Home goods and furniture marketplace Wayfair is readying its path into brick-and-mortar. It’s a good thing it thought ahead several years ago to build out its own logistics service.
That network, which it named CastleGate Logistics, will play a key role in the company’s entrance into permanent, physical retail. CastleGate is already integral to the company’s online marketplace.
Niraj Shah, the CEO and cofounder of the Boston-based online retailer, said Monday during IHS Markit’s TPM22 Conference in Long Beach, Calif. that having CastleGate will help by offering a fulfillment network for its future stores. The first of those will bow later this year with two under the AllModern brand and one under Joss & Main, all located in Massachusetts. Those stores will be followed by a Wayfair door next year, which is expected to command a much larger footprint. Plans call for all five of the companies brands, which also include Birch Lane and Perigold, to debut their own stores over the next two years.
Opening those doors doesn’t change how Wayfair manages its supply chain.

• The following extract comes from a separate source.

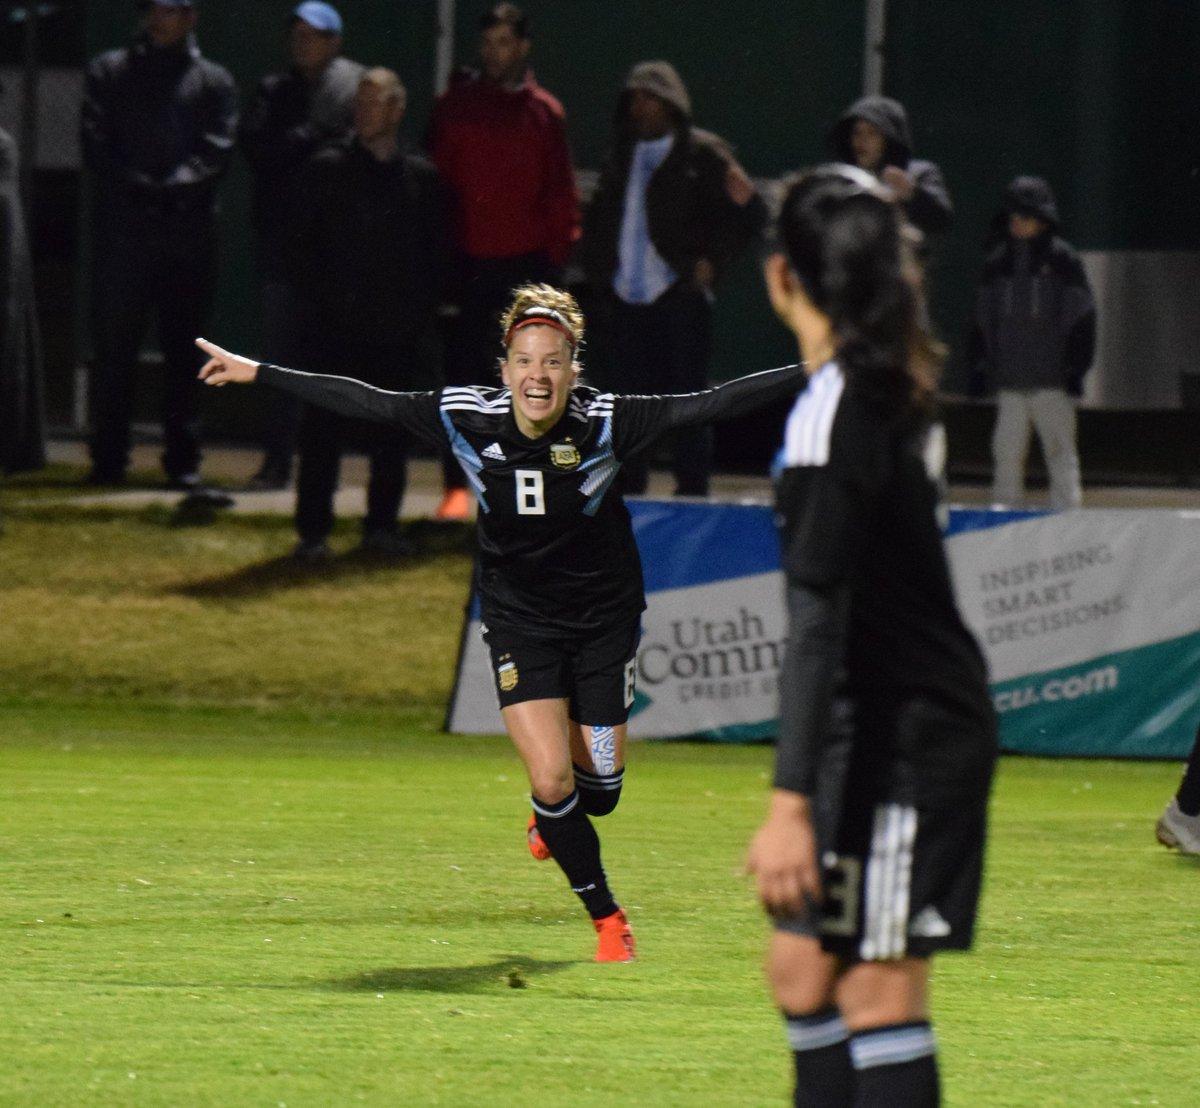 Fútbol femenino: triunfo de Argentina en el primer amistoso de la gira por EEUU

Instead, the existing logistics infrastructure supports retail, the CEO pointed out.
“We have this infrastructure that facilitates all other purchasing,” Shah said of CastleGate’s role as the company expands into physical retail.
Wayfair, which had a recent market cap of $14.8 billion, is one of a handful of industry companies that have taken control of their supply chains in various ways. American Eagle last year acquired AirTerra, started by a former supply chain executive at Nordstrom and Walmart, and then followed that up with its purchase of Quiet Logistics for about $360 million in December. Other retailers took a different approach, such as Target and Costco chartering their own ships to bypass port congestion. Amazon, meanwhile, continues to build out its Fulfilled by Amazon logistics network for sellers on its site.
Wayfair chose not to go the route of chartering its own ships and Shah said the strategy instead was to “partner deeply” with the carriers.
Logistics, for Wayfair, is just another extension of customer service, whether it’s the 16,000 suppliers it works with or the end user of the products sold on its site.
“Six years ago, we made a concerted effort to build out our own end-to-end logistics because, in our category, if you don’t control logistics, you can’t control the customer experience,” Shah said.
CastleGate solves a few problems specific to Wayfair. The company typically ships large and bulky items that can’t go out with small parcel delivery, oftentimes requiring two people to move. That’s also coupled with increasing consumer demand for fast delivery and product damages being the bigger headache than returns in the furniture realm. All of those pain points are what prompted the Wayfair team to begin building the third-party logistics service.
Wayfair started with fulfillment centers and then built out the last-mile transportation system before moving upstream into middle mile.
“By building the whole thing, we optimize for the total, instead of for each function,” Shah said.
The company also has a product policy that eliminates duplicate products, which is a challenge common in online marketplaces that aim to provide inventory to accommodate as many personal preferences as possible. What results, oftentimes, is a messy browser experience difficult to navigate, Shah said. Keeping an eye on stock-keeping units ultimately benefits the supply chain.
“The cleaner the catalog is for the customer, the easier the supply chain gets to manage because, otherwise, the supply chain gets increasingly complicated when you have multiple suppliers supplying an item,” he said.
CastleGate, while beneficial to Wayfair, isn’t a solution for everyone.
The CEO pointed out that in 2014, when Wayfair went public, it had about $1 billion in revenue and continues to roughly double its business every two to three years.
“Without volume, you can’t have this type of finesse,” he said.
Additionally, CastleGate doesn’t fulfill all of Wayfair’s logistical needs. Under a quarter of its volume comes from the shelves of its fulfillment centers. The rest originates from supplier warehouses.
“The vast majority of our volume does not yet flow through our network, and over time we think there’s a large opportunity to increase that,” Shah said.
Given Wayfair’s 2 percent share of the market in the U.S. and Europe, the company still views itself in the early days of its growth.
While the service is working well for Wayfair, the company has no plans to offer CastleGate to outside companies.
“It’s like a bespoke mousetrap for our specific type of goods,” Shah said of why there is no interest in selling its services. “It’s not a generalizable service and we’re focused on servicing our suppliers with that need that they have.”